[ OK ] 515 — full content available
[ INFO ] category: System Design difficulty: hard freq: high first seen: 2026-01-13
[HARD][SYSTEM DESIGN][HIGH]Schedulingdata_engineeringDistributed SystemsState Machinewebmachine_learningmobilebackendReliabilityinfrastructure
$ cat problem.md
This is Robinhood's signature system design question!
Design a distributed job scheduler system.
Requirements:
- Create jobs that run on a schedule (cron-like)
- Reliably run each task at the designated time
- Handle scenarios where job didn't finish on time
- Query for past job status
- Query for past job logs
Key Components to Discuss:
- Scheduler Service - Manages job timing, triggers execution
- Worker Pool - Executes jobs, reports status
- Job Queue - Holds pending jobs (Kafka, SQS)
- Database - Stores job definitions, history, logs
- Monitoring - Track job health, alerting
Discussion Points:
- How to handle job failures? (Retry with exponential backoff, dead letter queue)

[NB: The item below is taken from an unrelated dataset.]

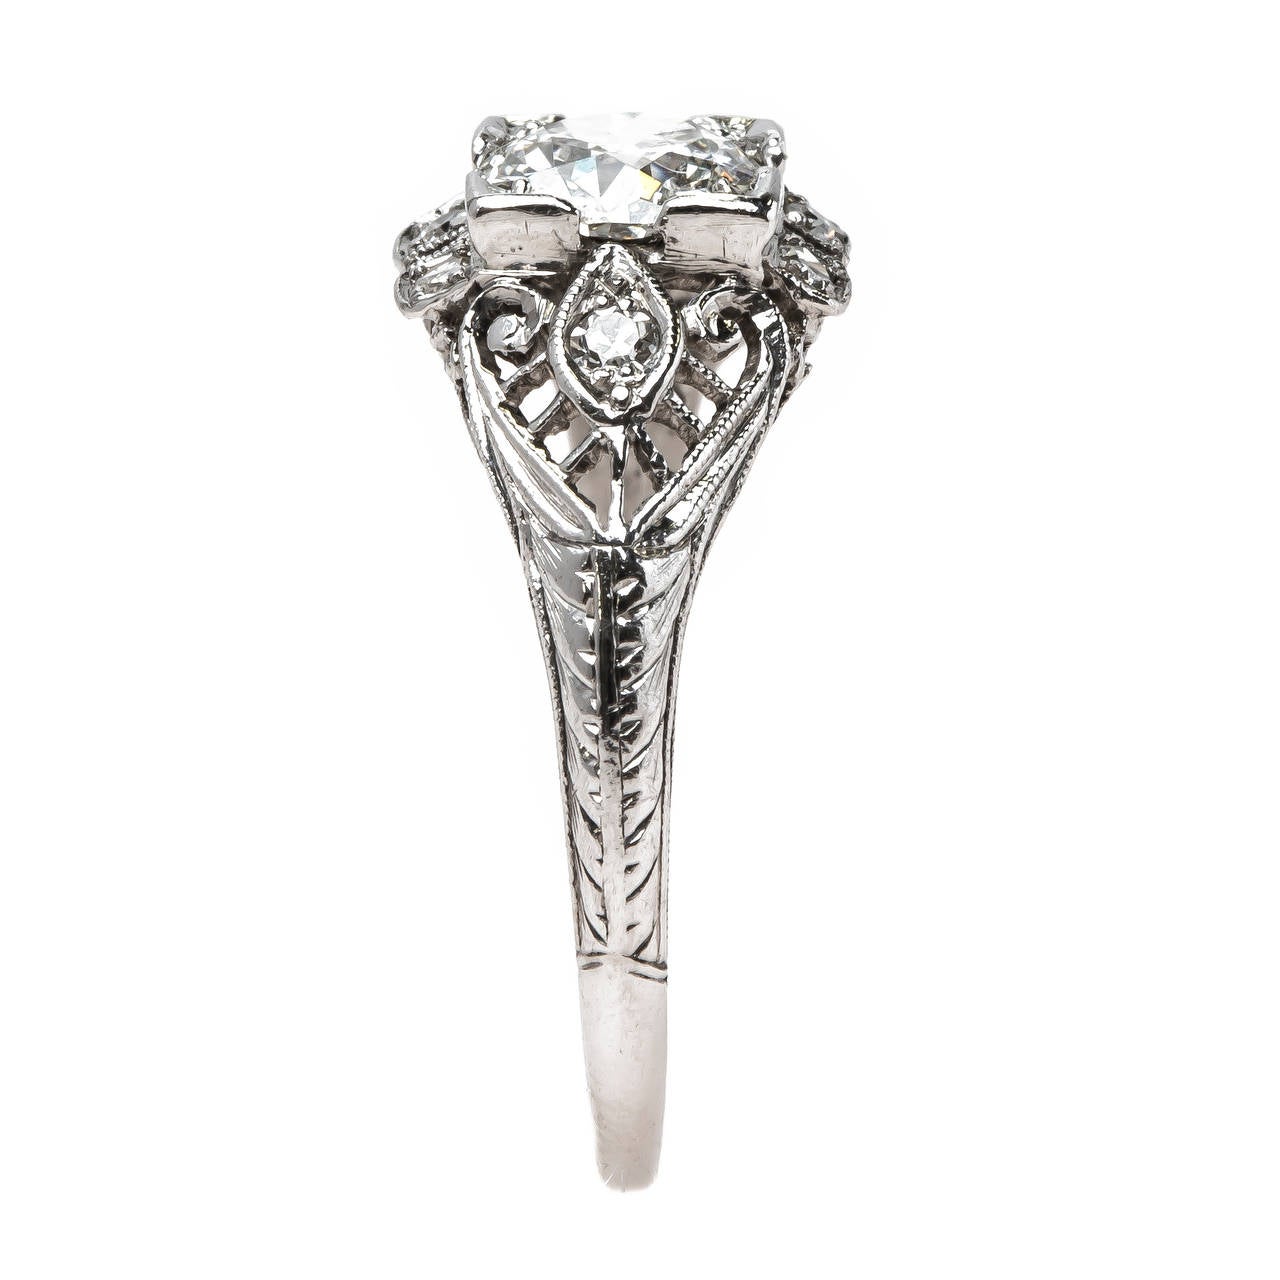 Women's One-of-a-Kind Handcrafted Edwardian Ring with Old Mine Brilliant Cut Diamond

- How to ensure exactly-once or at-least-once execution?
- How to scale workers horizontally?
- Database schema for jobs and execution history
- How to handle long-running jobs vs timeout?
- Monitoring, alerting, and observability
Note: The Robinhood interview invite often explicitly mentions "Job Scheduler", giving you time to prepare specifically for this topic!